[ASSIGNMENT] The answer must be an exact copy of every entry, with no pictures in it.

[Entries taken from a collection]
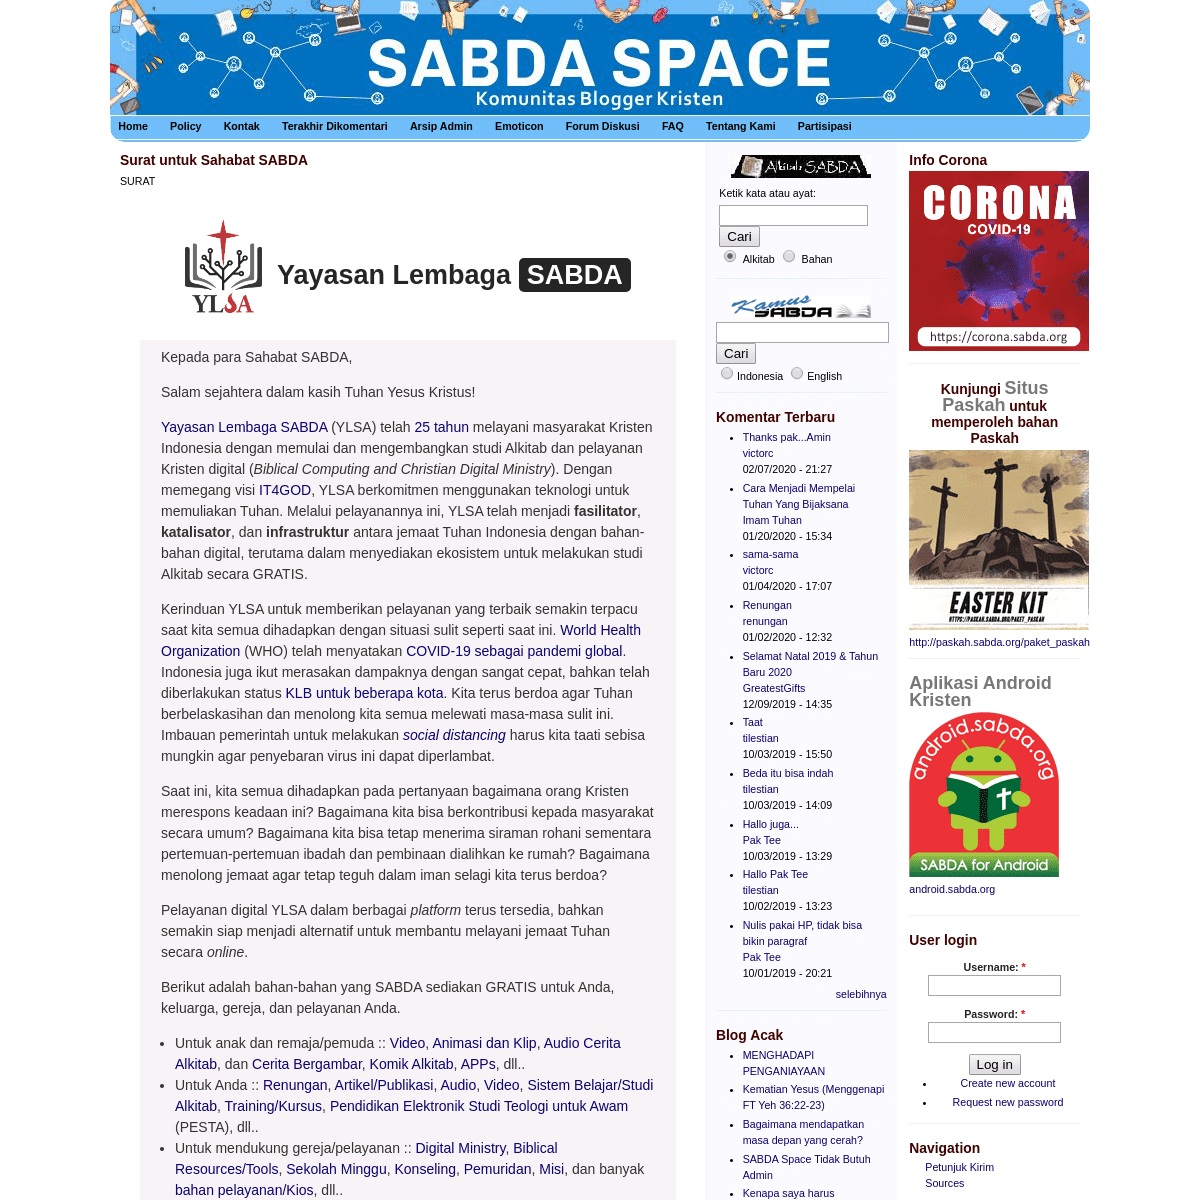 A complete backup of sabdaspace.org
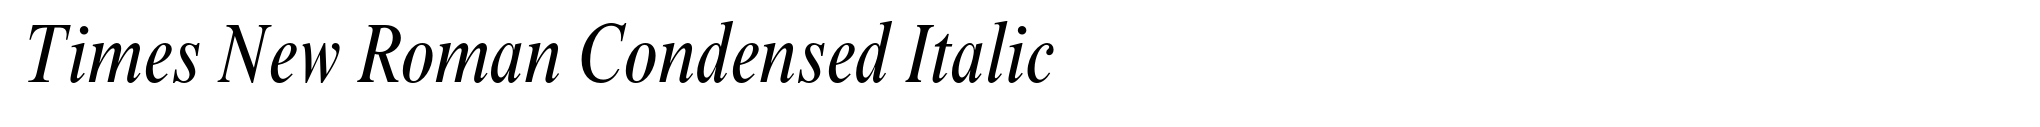 Times New Roman Condensed Italic image
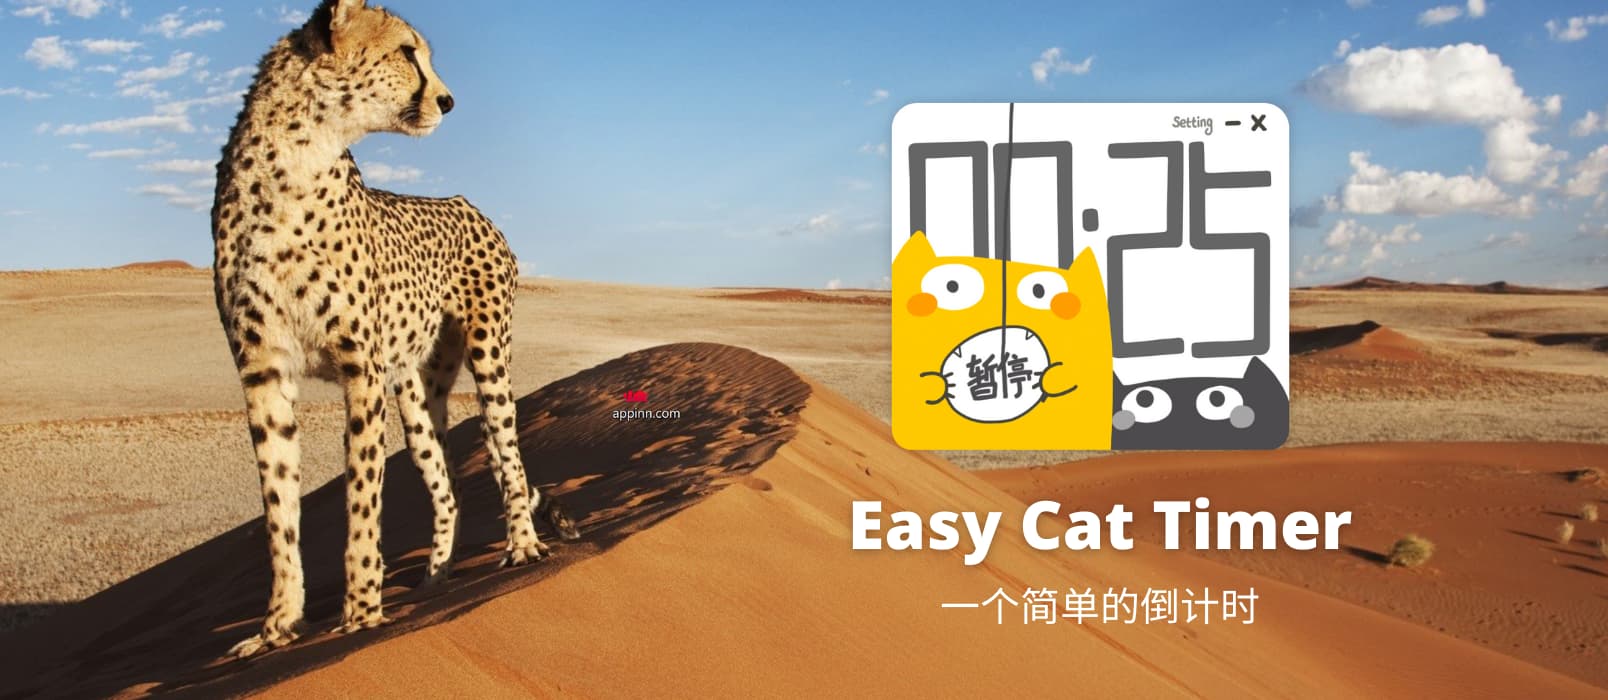 Easy Cat Timer - 简单的倒计时工具，2 只猫咪，爱不释手[Windows]
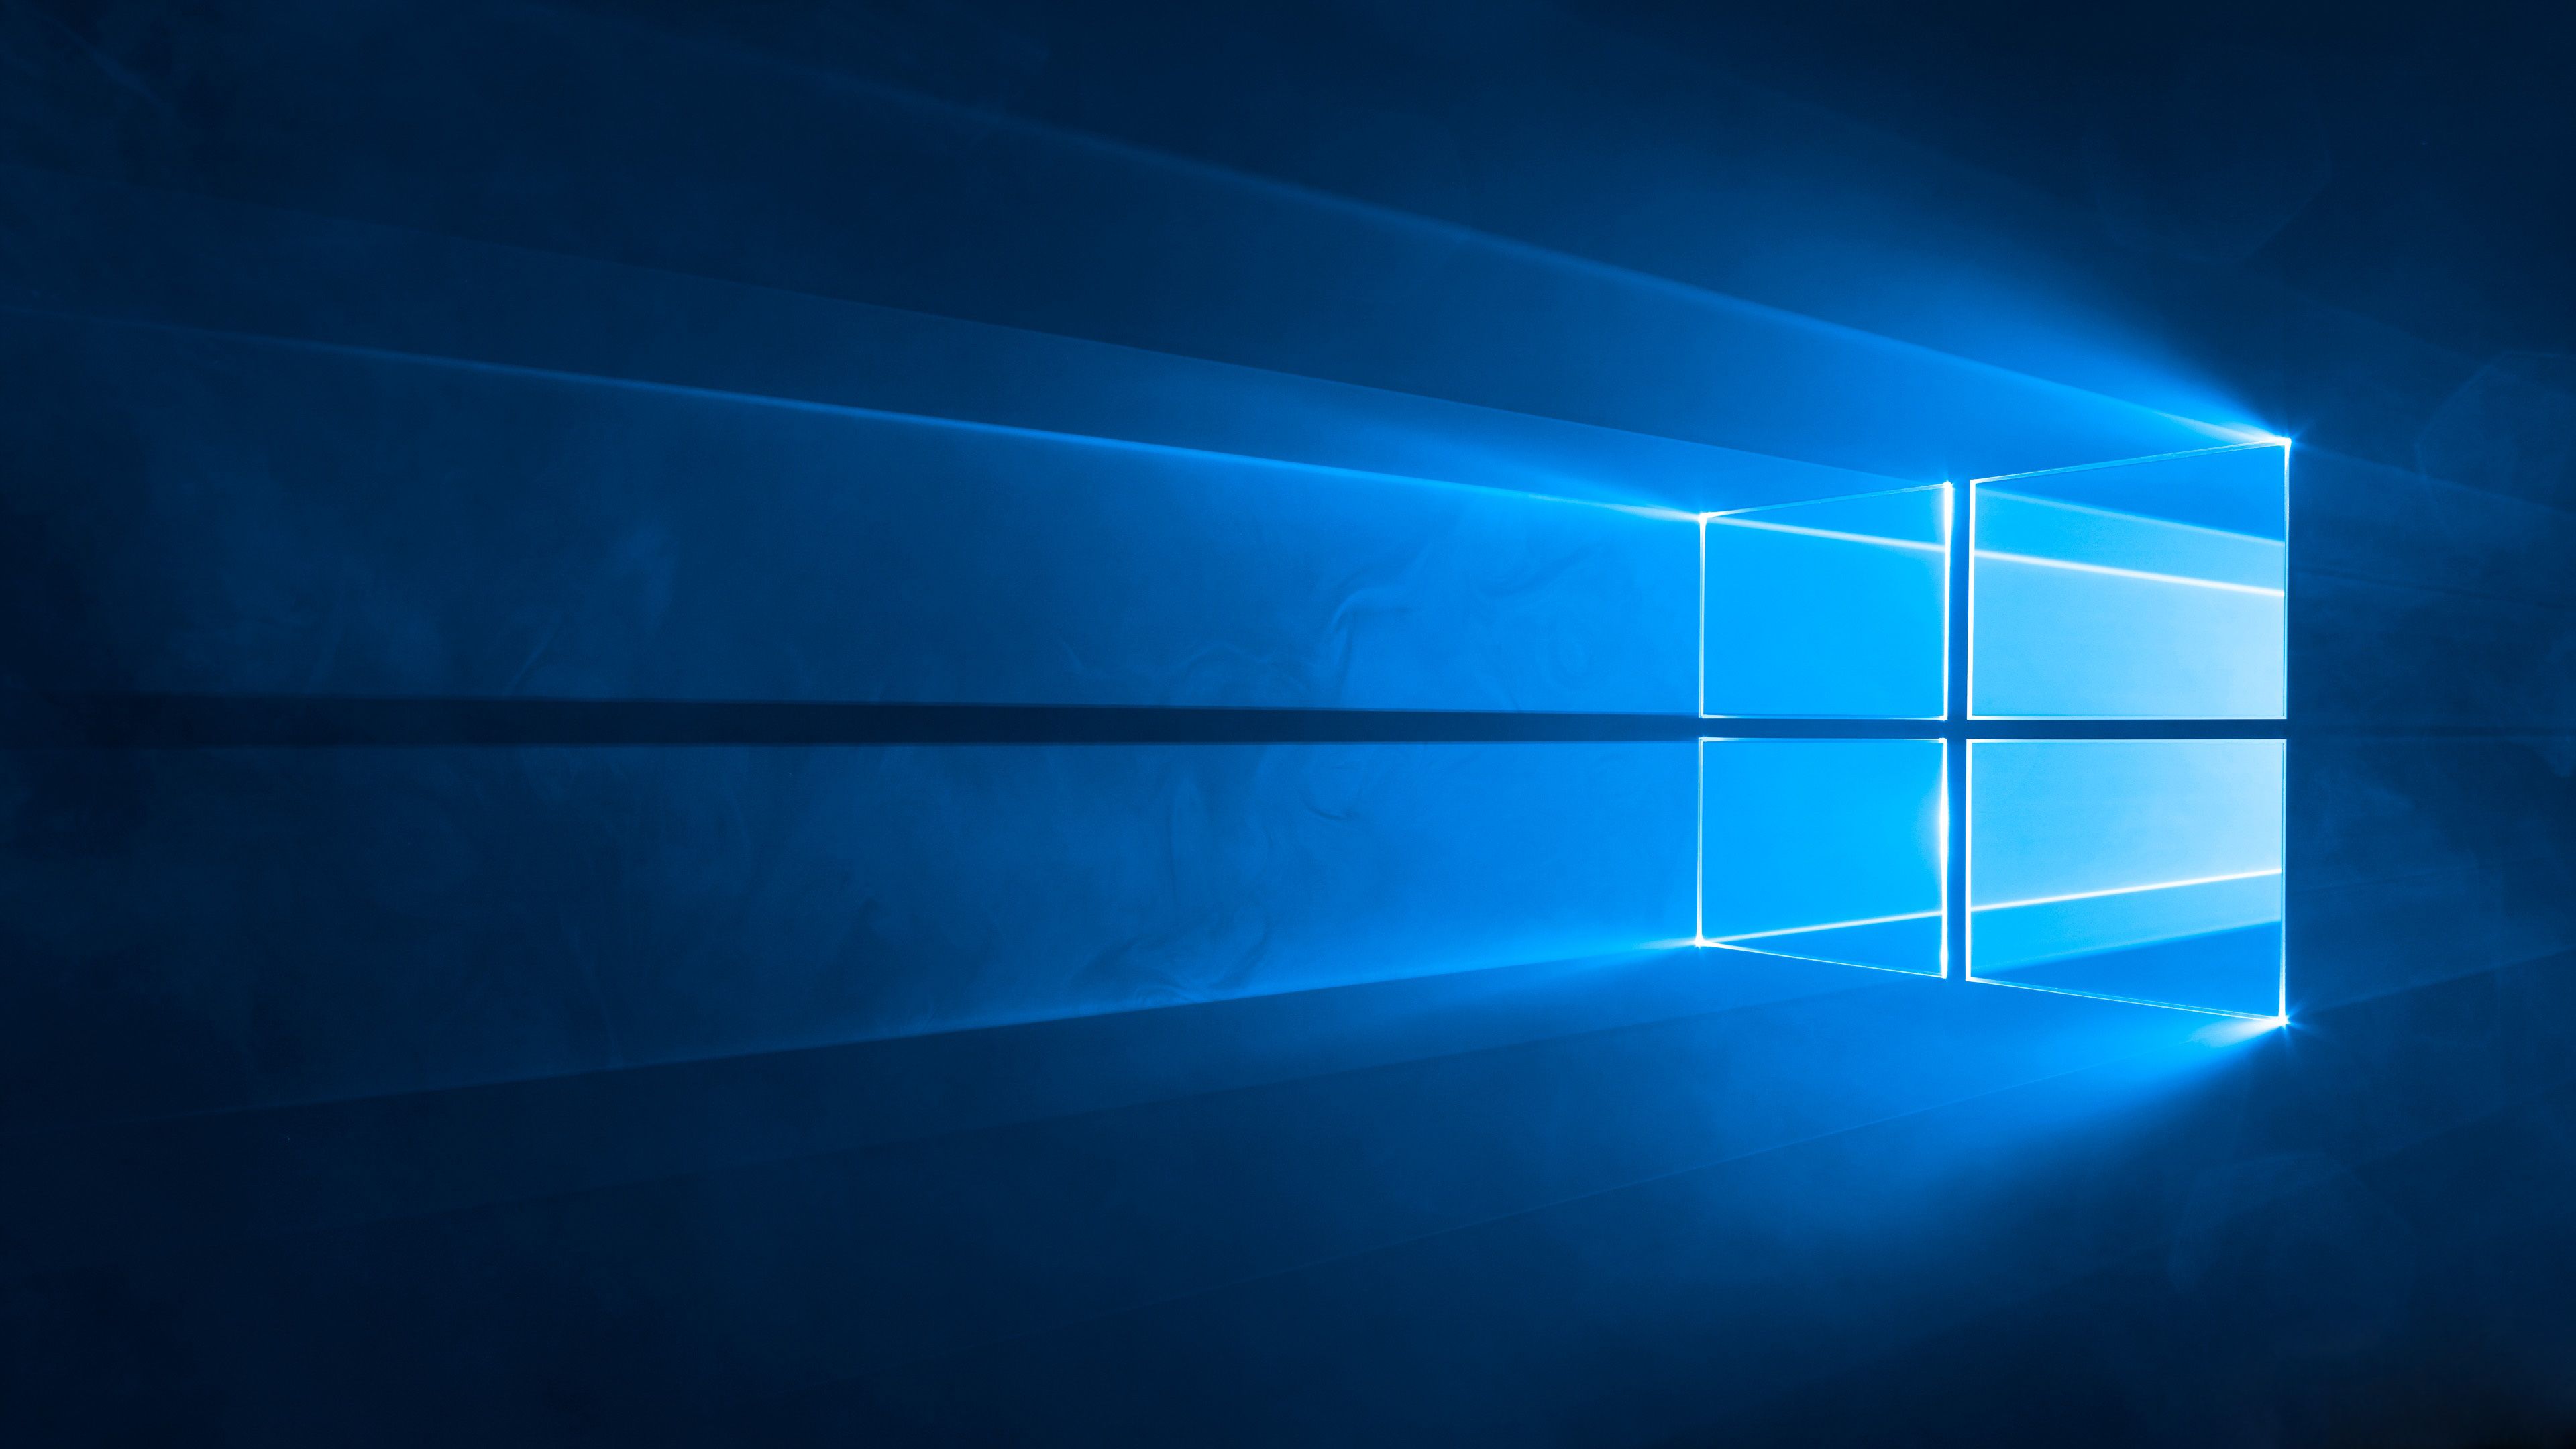 Windows-10-Hero-Blue-Desktop-Background-4K-Wallpaper.jpg
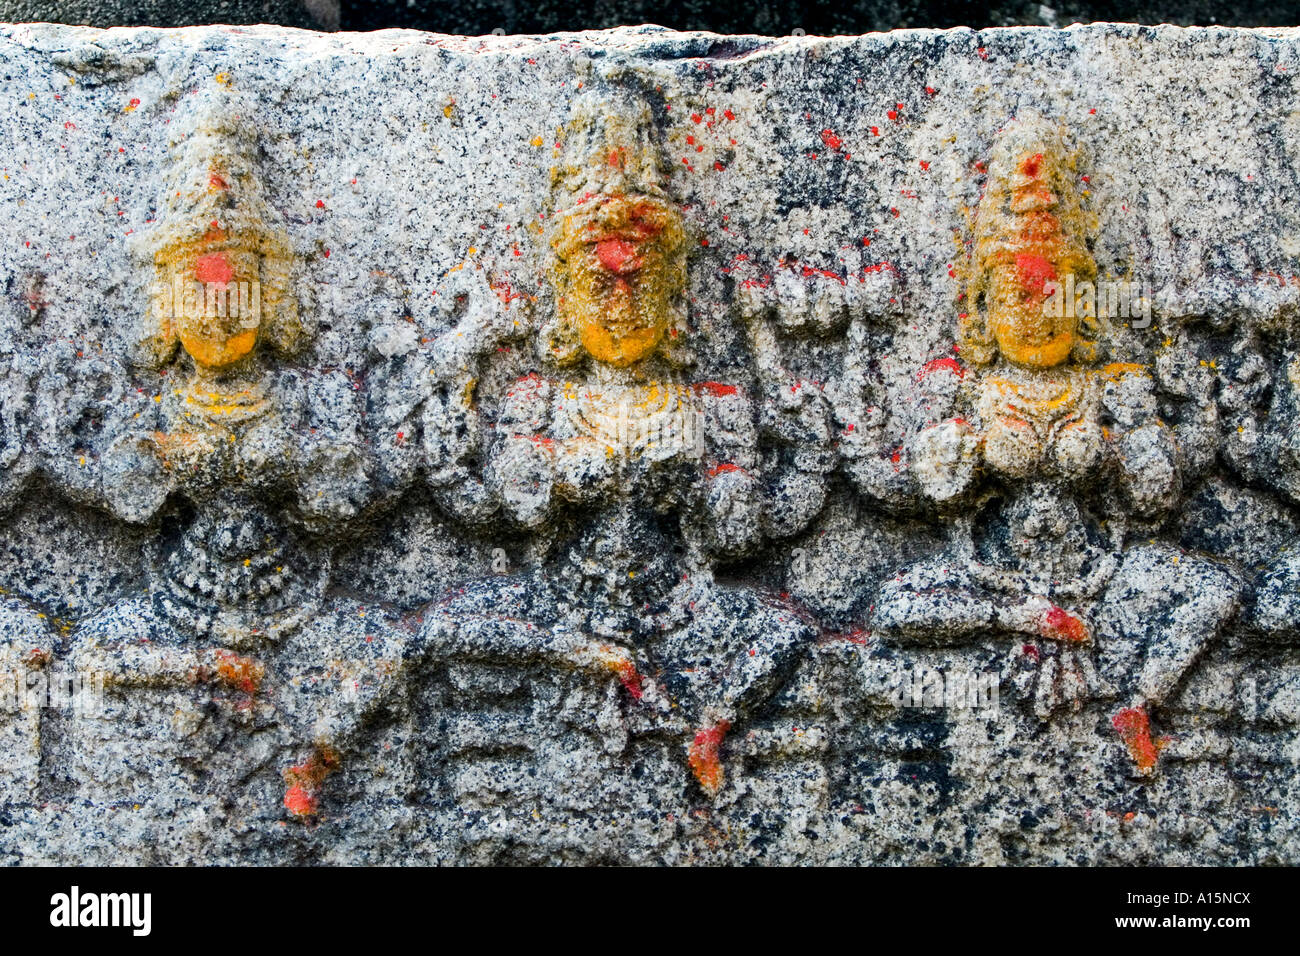 Hindu deities carved into stone at a Veerabhadra Temple in Lepakshi, Andhra Pradesh, India. Stock Photo

[TASK SOLUTION]
 A complete backup of sabdaspace.org
 Times New Roman Condensed Italic image
 Easy Cat Timer - 简单的倒计时工具，2 只猫咪，爱不释手[Windows]
 Windows-10-Hero-Blue-Desktop-Background-4K-Wallpaper.jpg
 Hindu deities carved into stone at a Veerabhadra Temple in Lepakshi, Andhra Pradesh, India. Stock Photo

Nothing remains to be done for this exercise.